By default when installing Apache2 in Debian the Rewrite and Expires module are not active, both of these are required for OpenFISMA to function properly, you can enable these module by running the following commands. We will also want to disable the default apache website and install and customize our own website configuration file for OpenFISMA.

$> a2enmod rewrite expires
$> a2dissite default
$>cp /opt/openfisma/NAMEOFRELEASE/scripts/bin/apache.conf.template /etc/apache2/sites-available/openfisma

Next we need to edit the new website configuration file we copied over to Apache to ensure we have identified the correct location of the OpenFISMA installation, there are two lines which need to be reviewed, the DocumentRoot and Directory locations:

$> nano /etc/apache2/sites-available/openfisma

After editing the apache config file we will need to ensure some directories for OpenFISMA are writeable for the installation script to run.

$> chmod 777 -R /opt/openfisma/application/config
$> chmod 777 -R /opt/openfisma/application/models/generated
$> chmod 777 -R /opt/openfisma/data

Now you need to restart Apache for the settings to take effect

$> /etc/init.d/apache2 restart

Now you can browse to the IP Address of your server to continue the installation process

http://localhost/

Now that our dependencies are configured, it's time to install OpenFISMA itself.
OpenFISMA installation Window

  1. Navigate to http://localhost
  2. Fill out the missing information
    • Database Username = application account name
    • Database Password = application account password
    • Database Name = openfisma
    • Admin(Root) Pwd = password for the super user log in to OpenFISMA
  3. Click next a few times to complete the installation.
  4. Log in using the Admin(Root) Pwd you gave during the installation.

Configure OpenFISMA

General Configuration

OpenFISMA is highly configurable out of the box to support a wide range of needs. This section will cover some of the basic configuration items.

To access the general configuration page, login as an administrator.

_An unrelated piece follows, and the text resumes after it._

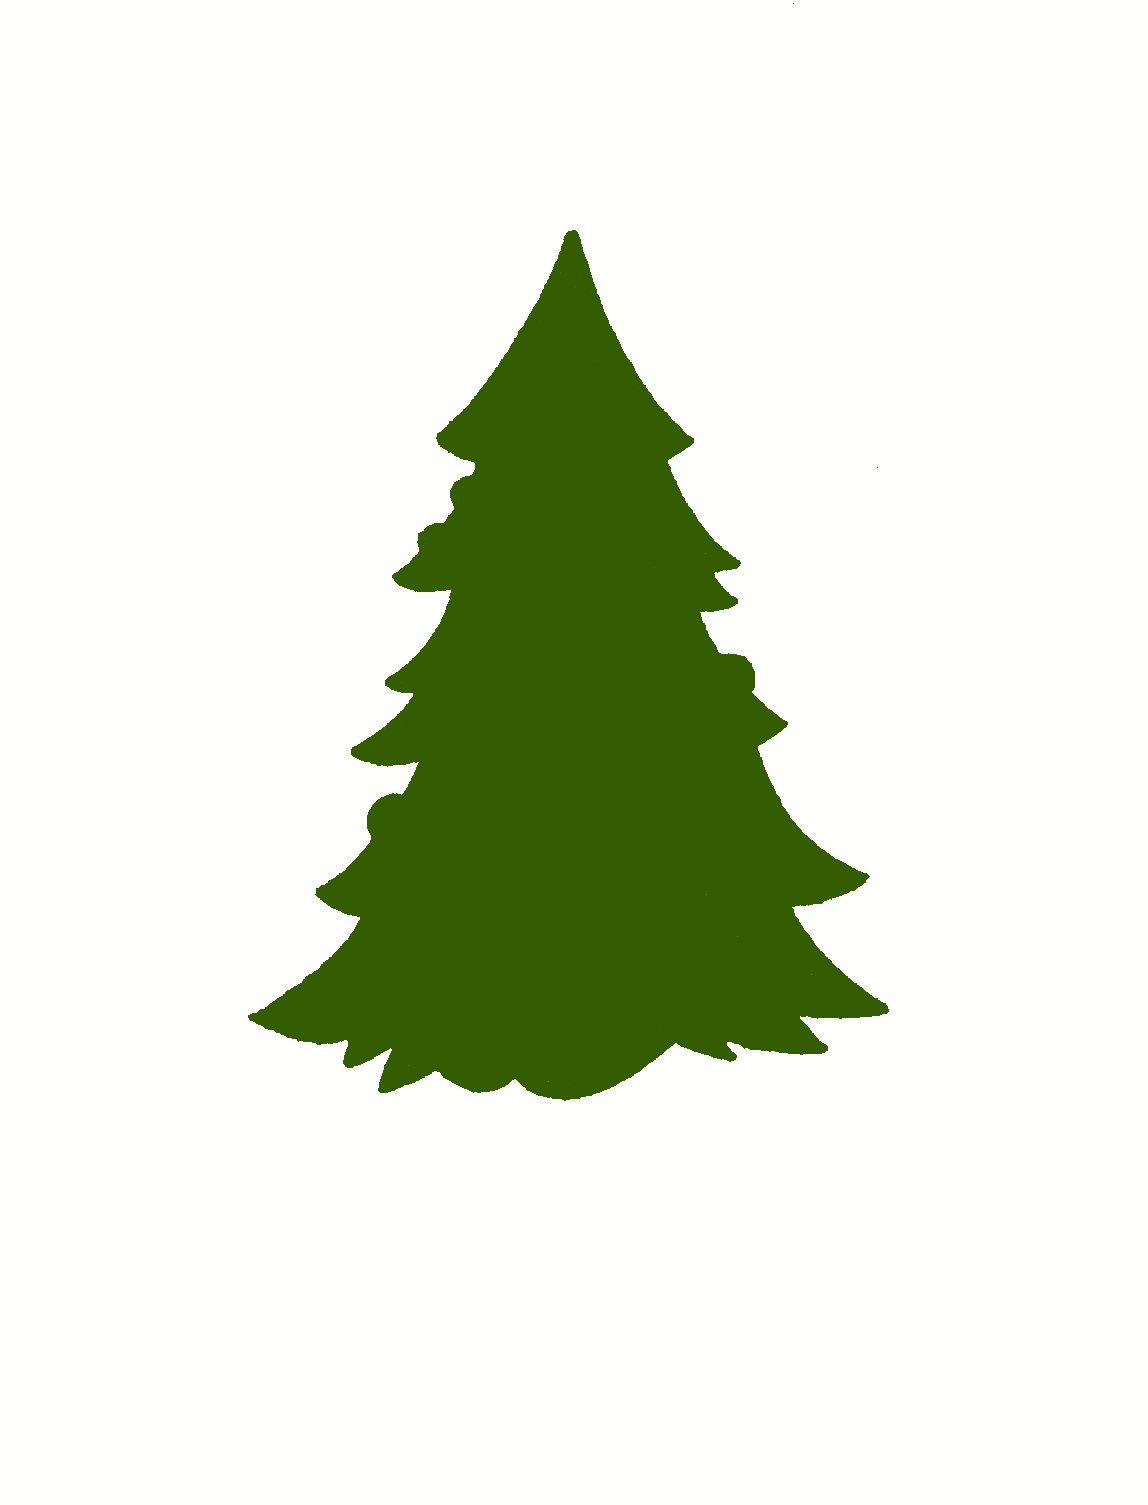 1148x1505 Pine Tree Silhouette Clip Art Clipart

Under the "Administration" menu, select "Configuration". You can set the following items on the general configuration page:

  • System Name: When the application displays messages or sends e-mails to users, it will refer to itself using this name.
  • Inactive Account Expiration: How many days it takes for an inactive account to expire
  • Session Timeout: How many minutes of inactivty are allowed before a user is automatically logged out.
  • Authentication Method: OpenFISMA can authenticate against an Active Directory (LDAP) or using its built-in database authentication module.
  • Rules Of Behavior Period: How often users need to review the Rules of Behavior. OpenFISMA will require users to read and accept the ROB periodically. This process is logged so that subsequent audits can determine when a particular user last accepted the ROB.
  • Warning Banner: The system use notification which is displayed on the login screen.
  • Rules of Behavior: The text of the Rules of Behavior. OpenFISMA will periodically require users to read and accept the ROB periodically. This process is logged so that subsequent audits can determine when a particular user last accepted the ROB.
  • Privacy Policy: The text of the privacy policy. OpenFISMA makes the privacy policy available to all users as a link in the footer of each page.
  • Technical Contact Information: The name, phone number, and e-mail address of the technical contact for your OpenFISMA implementation. When an error occurs, OpenFISMA will display this information to the user in order to help them get support from their administrator.
  • Notification Policies: Parameters for how e-mail notifications are sent to users.
  • Password Policies: OpenFISMA has a rich set of configurable password policies. You can specify parameters such as required password complexity, account lockout policies, and password expiration policies.

Administration Menu

Under the Administration menu, you can also create and modify the following data:

  • Finding Sources
  • Networks
  • Products
  • Roles
  • Organization
  • Systems
  • Users

See the Terminology page for details on what these items mean.